Anthony Evans
We all fell silent after that, marching on with the sun rising on our left. It was slow progress as some of us didn't shake the ill effects as quickly as others. If I was honest, I was likely the last one to make it back to normal but I couldn't tell the others such a thing. I could simply pass it off as minor frustration at the incompetence of my travelling companions and move on. As it had been my first slip, I was decently sure that everyone would simply dismiss the event and move on as if none of it had ever happened. I would just need to be more cautious in the future.

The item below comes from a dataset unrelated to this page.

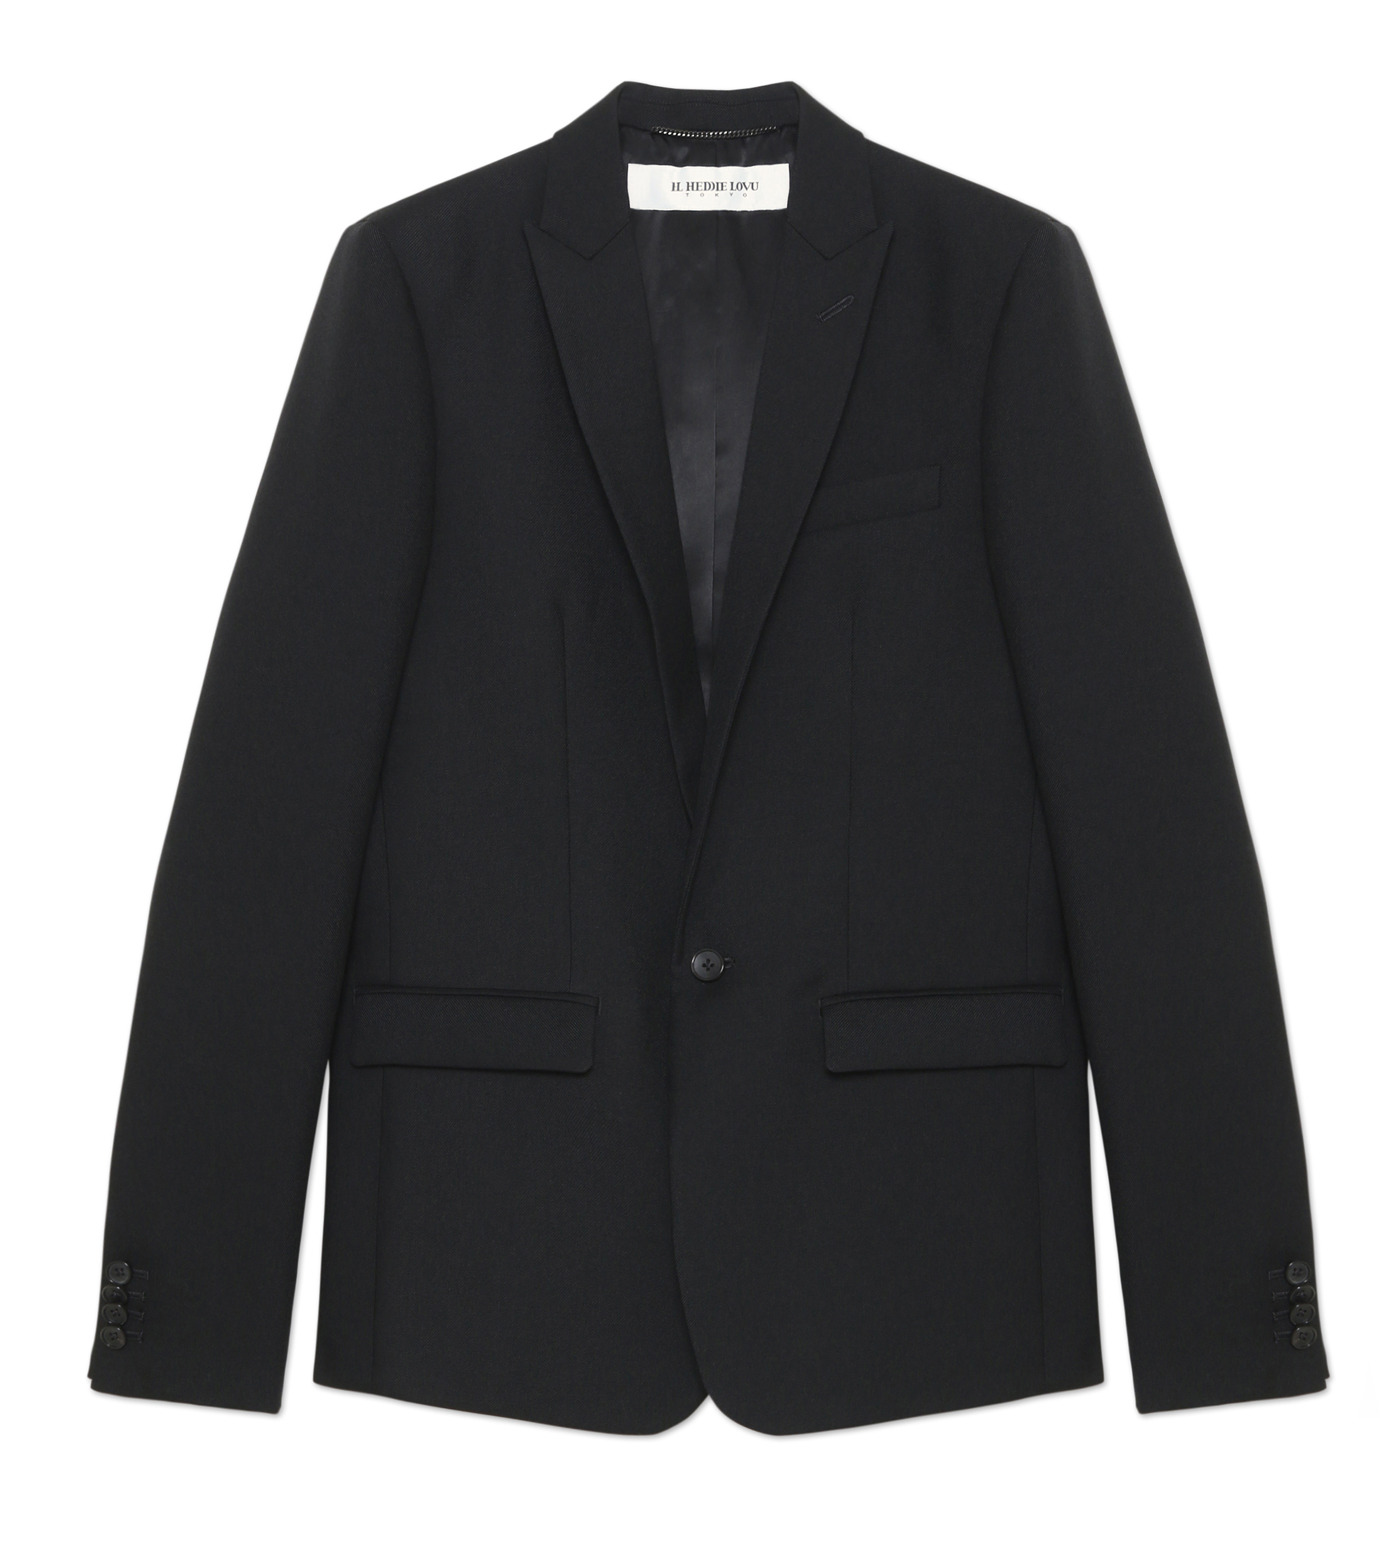 HL HEDDIE LOVU(エイチエル・エディールーヴ)のPEAKED LAPEL 1B JK-BLACK(ジャケット/jacket)-18S94005-13 拡大詳細画像4

It was a solid two miles before we stopped. Silent permission was given to pass around the water rations as we settled on the dusty ground, though I was still rather skeptical that we were far enough out from the contamination area. Even so, Maria wasn't the only one desperate for a drink. Water was a precious commodity and none of us dared waste it. In the Underground, there had been aquifers that we could consistently draw from, untainted by the raging war above. Out here, it was a matter of distilling water ourselves or finding clean wells. Needless to say, conservation was the only way we survived.
"Is anyone going to explain what happened back there or are we just going to sit around and ignore it like everything else that sucks?" Maria was staring straight at me the entire time she spoke, as if her childish glaring would invoke some burning need for me to open up. It didn't. I had no reason to explain anything to her or anyone else. But I had already made up my mind to give an explanation anyway.
"It was a chemical leak," I replied evenly. "We must have been near an old underground military storage facility or dumping ground. Before the war really escalated and the bombs started, military police were ordered to use chemical agents to suppress the riots. Most of them were fairly harmless, just designed to cause discomfort and irritation of the skin or eyes. As things got worse, they intensified the chemical components without really considering the risk. The most common one, a high-dose agent designed to induce severe nausea and vomiting, was dangerous enough to cause anaphylactic shock and asphyxia in more than half the cases."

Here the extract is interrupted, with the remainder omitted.